Studio album by X Marks the Pedwalk
- Released: 1996
- Recorded: 1996
- Genre: Synthpop, electro-industrial
- Length: 67:49
- Label: Zoth Ommog, Metropolis Records
- Producer: Sevren Ni-arb (André Schmechta)

X Marks the Pedwalk chronology
| Meshwork (1995) | Drawback (1996) | Inner Zone Journey (2010) |

= Drawback (album) =

Drawback is the name of the fifth album by German band X Marks the Pedwalk. It was released by Zoth Ommog in Europe and Metropolis Records in North America, both in CD format.

==Summary==
This album expanded on the stylistic change that was evident with X Marks the Pedwalk's previous release, Meshwork.

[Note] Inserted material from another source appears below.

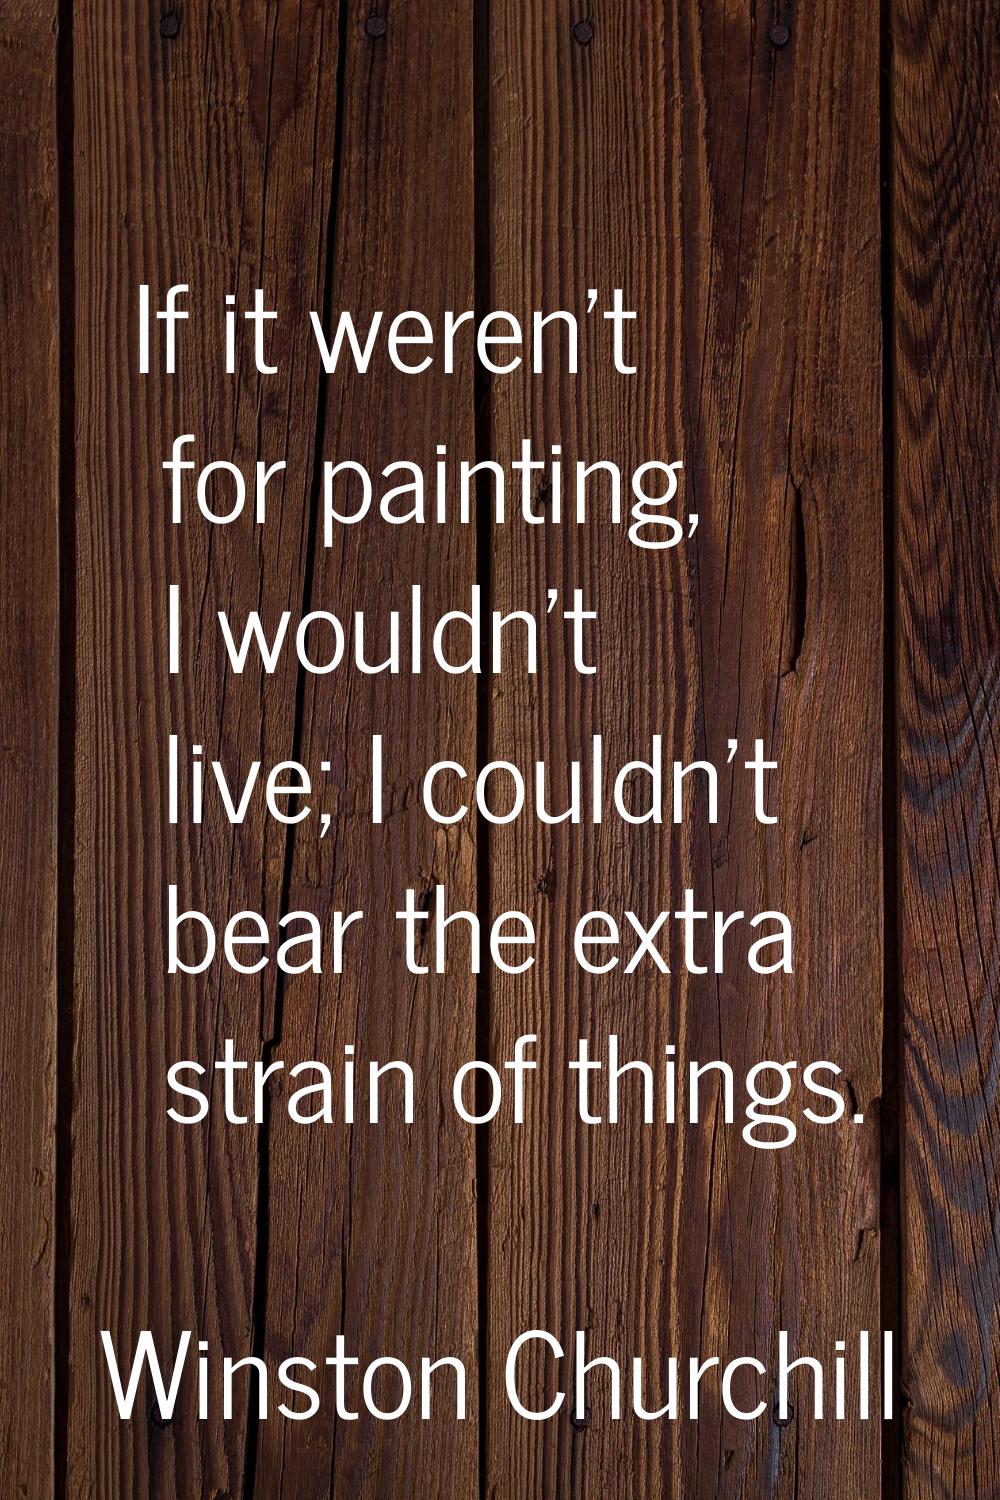 If it weren't for painting, I wouldn't live; I couldn't bear the extra strain of things.

According to frontman André Schmechta, Drawback is his favorite X Marks the Pedwalk release.

Regarding the cover and inside art, Schmechta has said: "And do not ask me about helicopters!! I do not know what they could have to do with "Drawback"?! When I showed the sleeve to Estefania I asked her the same question and she laughed saying: 'Helicopters can be very fast...like time can be!'" The themes of time and its passage are recurring motifs in the lyrics of the songs on Drawback.

Drawback was released in Europe under the Zoth Ommog catalogue number ZOT 196, and in North America under the Metropolis Records catalogue number MET 076.

==Track listing==
1. "Time Tunnel (Phase One)" – 1:39
2. "Maximum Pace" – 6:21
3. "W.I.T.I.A.K. (What I Taste is a Kiss)" – 5:06
4. "Turn of the Tide (Ebb Tide Mix)" – 4:23
5. "Time Tunnel (Phase Two)" – 3:41
6. "Sweep Hand" – 4:55
7. "The Past" – 5:06
8. "Turn Of The Tide" – 6:03
9. "Drawback" – 6:49
10. "Sweep Hand (Timeless 8.0)" – 4:33
11. "Clip the Lines" – 6:29
12. "Mi_X Marks the Pedwalk" – 12:36

==Personnel==
- Sevren Ni-arb
- Raive Yarx
- Estefania

All words and music on Drawback were written by André Schmechta, under the name Sevren Ni-arb. All songs were performed by André and Thorsten Schmechta, under the names Sevren Ni-arb and Raive Yarx, respectively. Female vocals on "W.I.T.I.A.K.", "Drawback", and "Clip the Lines" performed by Stephanie Schmechta (as Estefania). Drawback was recorded and mixed at T.G.I.F. studios in Germany.